The AI Imaging Agent uses a two-stage pipeline that combines fast text retrieval with vision-language model selection to recommend imaging tools.

System Architecture

graph TB
    subgraph "User Interface"
        UI[Gradio Chat Interface]
    end

    subgraph "API Layer"
        Pipeline[RAGImagingPipeline]
        Validator[File Validator]
        MetaExtractor[Metadata Extractor]
    end

    subgraph "Stage 1: Retrieval"
        Embedder[BGE-M3 Text Embedder]
        FAISS[FAISS Vector Index]
        Reranker[CrossEncoder Reranker]
        Catalog[Software Catalog JSONL]
    end

    subgraph "Stage 2: Agent Selection"
        Agent[PydanticAI Agent]
        VLM[GPT-4o/4o-mini VLM]
        Tools[Agent Tools]
    end

    UI --> Pipeline
    Pipeline --> Validator
    Pipeline --> MetaExtractor
    Pipeline --> Embedder
    Embedder --> FAISS
    FAISS --> Reranker
    Catalog -.-> FAISS
    Reranker --> Agent
    Agent --> VLM
    Agent --> Tools
    Agent --> UI

Design Principles

1. Two-Stage Pipeline

Why two stages?

  • Speed: Text retrieval is fast (~100ms), VLM calls are slower (~2-5s)
  • Cost: Only run expensive VLM on top candidates
  • Quality: Combine semantic search (Stage 1) with reasoning (Stage 2)

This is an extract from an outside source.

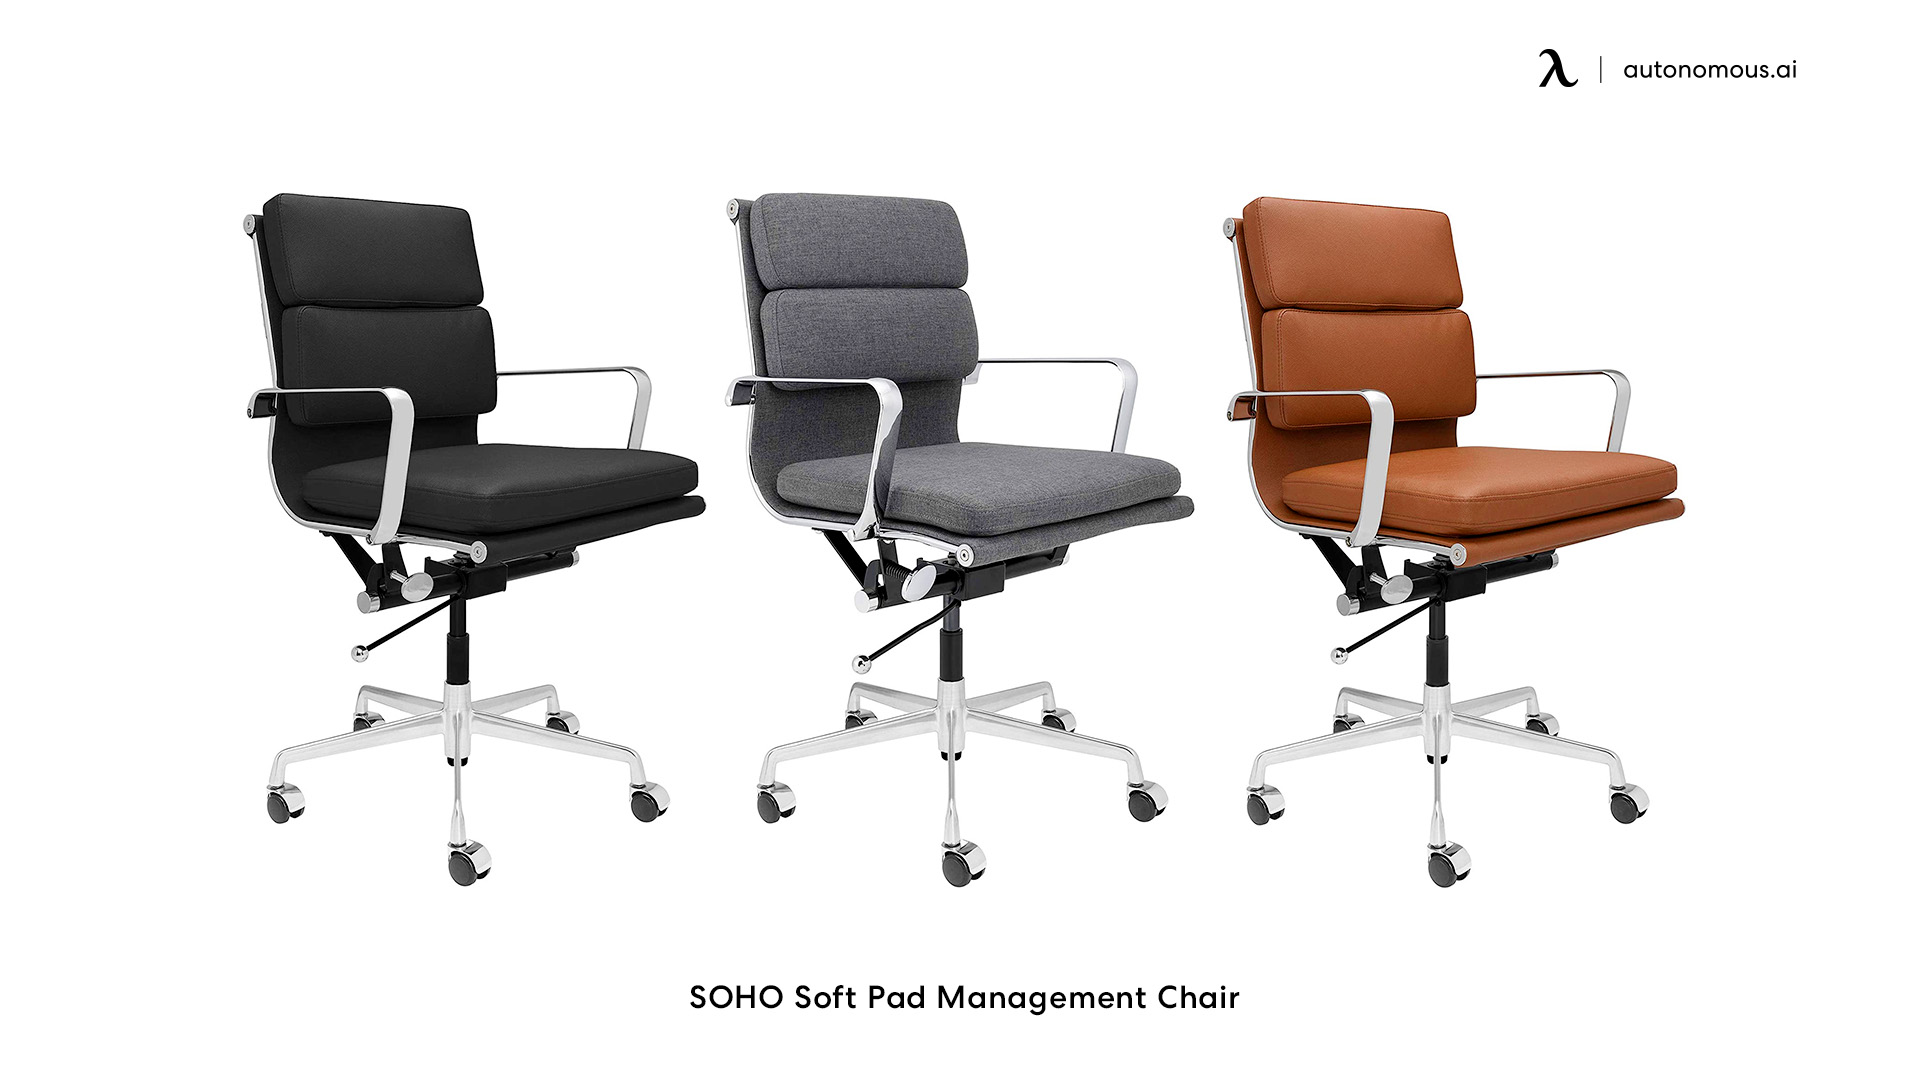 SOHO Soft Pad Management mid-century modern desk chair

2. No Generation in Retrieval

Stage 1 uses no LLMs:

  • Deterministic text search
  • Reproducible results
  • Fast iteration
  • Lower cost

3. Single VLM Call in Selection

Stage 2 makes exactly one VLM call:

  • Sees all candidates at once
  • Performs comparative reasoning
  • Returns complete rankings
  • Efficient use of context window

4. Vision + Text Integration

VLM receives:

  • Visual: PNG preview of image
  • Textual: Query, metadata, candidate descriptions
  • Structured: Candidate metadata table

Enables image-aware tool selection.

Data Flow

Input Processing

User uploads: scan.dcm
              "Segment the lungs"

↓ File Validation
  - Size check (< 200MB for DICOM)
  - Format validation
  - Security checks

↓ Metadata Extraction
  - Format: DICOM
  - Modality: CT
  - Dimensions: 512×512×300 (3D)
  - Spacing: 0.7×0.7×1.5mm

↓ Preview Generation
  - Extract middle slice: scan_preview.png
  - Format: PNG, RGB
  - Preserve metadata separately

Stage 1: Retrieval

Query: "Segment the lungs"
Uploaded: scan.dcm (DICOM, CT, 3D)

↓ Query Enhancement
  Enhanced: "Segment the lungs format:DICOM format:CT format:3D"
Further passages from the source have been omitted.